But the act of time travel would most likely be instantaneous.
originally posted by: swanne
Time travel is something every physicists love to ponder upon. However, until now physicists were so caught up with the questions of causality (can an effect precede a cause?) and determinism (is fate already written for us?), they forgot an important variable: Quantum Uncertainty principle.
I have reasons to believe that due to quantum mechanics itself, if a person (or even a particle) travels back in time, then the history around him cannot repeat itself exactly the same way.
Here's why. Heisenberg has described how you can't know both the position and momentum of a particle - knowing one would prevent you from knowing about the other.
Now, let's say I decide to measure a particle's property tomorrow at exactly noon. I'd then know its position, which I'd note. Then, let's say I jump in the time machine and go back in time, to tomorrow at 11:59 a.m. - just in time to make another measurement of the same particle at noon. This time I only memorise its momentum. Though its other property cannot be currently known because I measured its momentum, I'd still have the information about its other property from my first time frame measurement. Now I'd know both its position and momentum simultaneously, of the same particle at exactly noon - cheating Heisenberg's Uncertainty Principle!
The only way to solve this paradox is by introducing Time Loop Evaporation. Basically, Heisenberg's Uncertainty Principle would make sure that the properties of a particle randomly differs everytime you go back in time, so that you can't cheat and record properties you shouldn't know.
This means that using the Butterfly Effect, it can be demonstrated that a Time Loop (causal chain reaction in which the time traveller is forced to go back in time only to repeat history and ultimately go back in time) will actually evaporate over time. Since physical history is influenced by the particles composing it, then everytime you'll go back in time, the particles composing the reality you see will always become more and more different, until they eventually change the very nature of matter and thus history - which will ultimately break the causality loop. You can think of it as a Thermal Death applied to a Looped Time iteration instead of a Linearly-Timed Universe.

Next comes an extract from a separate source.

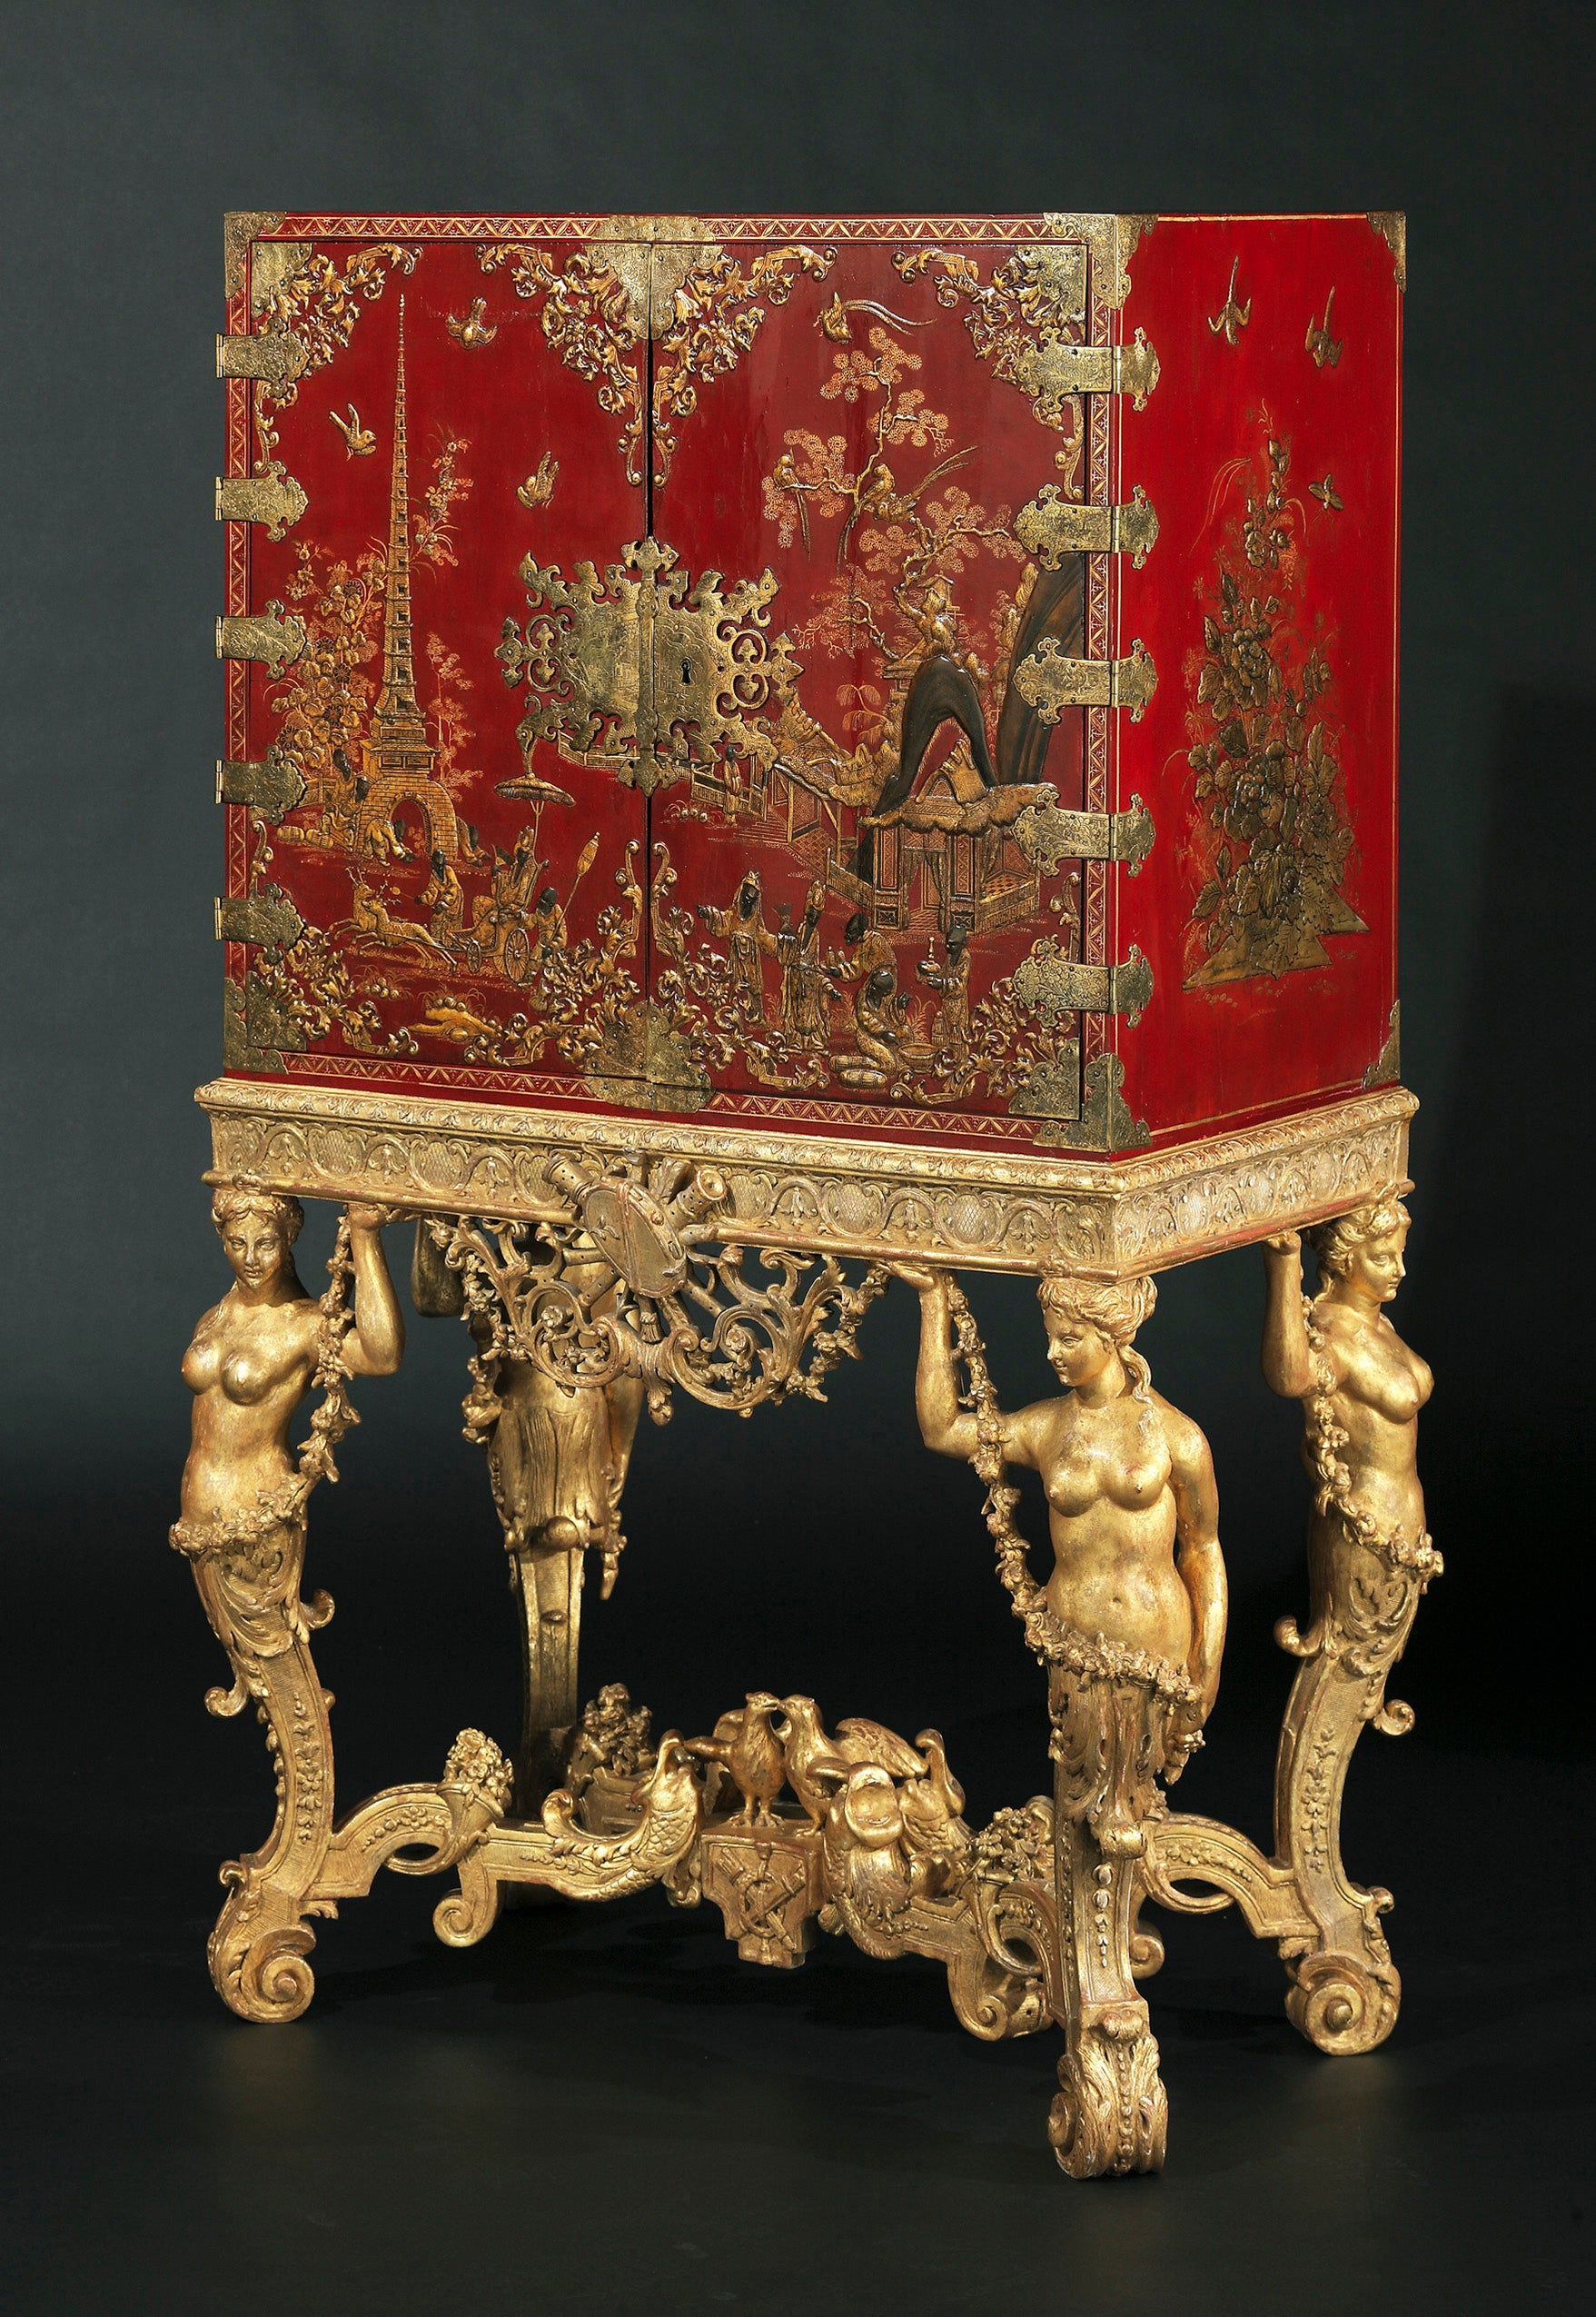 A William III Parcel-Gilt Scarlet-Japanned Brass-Mounted Cabinet On a Stand

Time Loop Evaporation may actually solve the causality problems some physicists are having with Time Travel. Going back in Time would now basically be equivalent to going into a different Universe (since the particles building it are different at the quantum level), which means that its effects will form a different future, parallel to (and not replacing) your original universe history. In other words, the Grandfather Paradox would now be solved since there would now be two grandfathers, in two different universes - the one you meet by going back in time being different, at the quantum level, from the one who actually generated your lineage.
And this concludes my presentation of my new, Time Loop Evaporation theory.
******
At Time's End,
Swan
originally posted by: 23432
First time you travel to 11.59 , you have not arrived at the universe you've left ?
Different particle , different universe ?
originally posted by: swanne
originally posted by: 23432
First time you travel to 11.59 , you have not arrived at the universe you've left ?
Different particle , different universe ?
Exactly. And how do you know it's different? Simple - the particle has changed its properties. The past is subject to the Uncertainty Principle, therefore time loops never repeat themselves the exact same way, and, thus, the loop eventually breaks.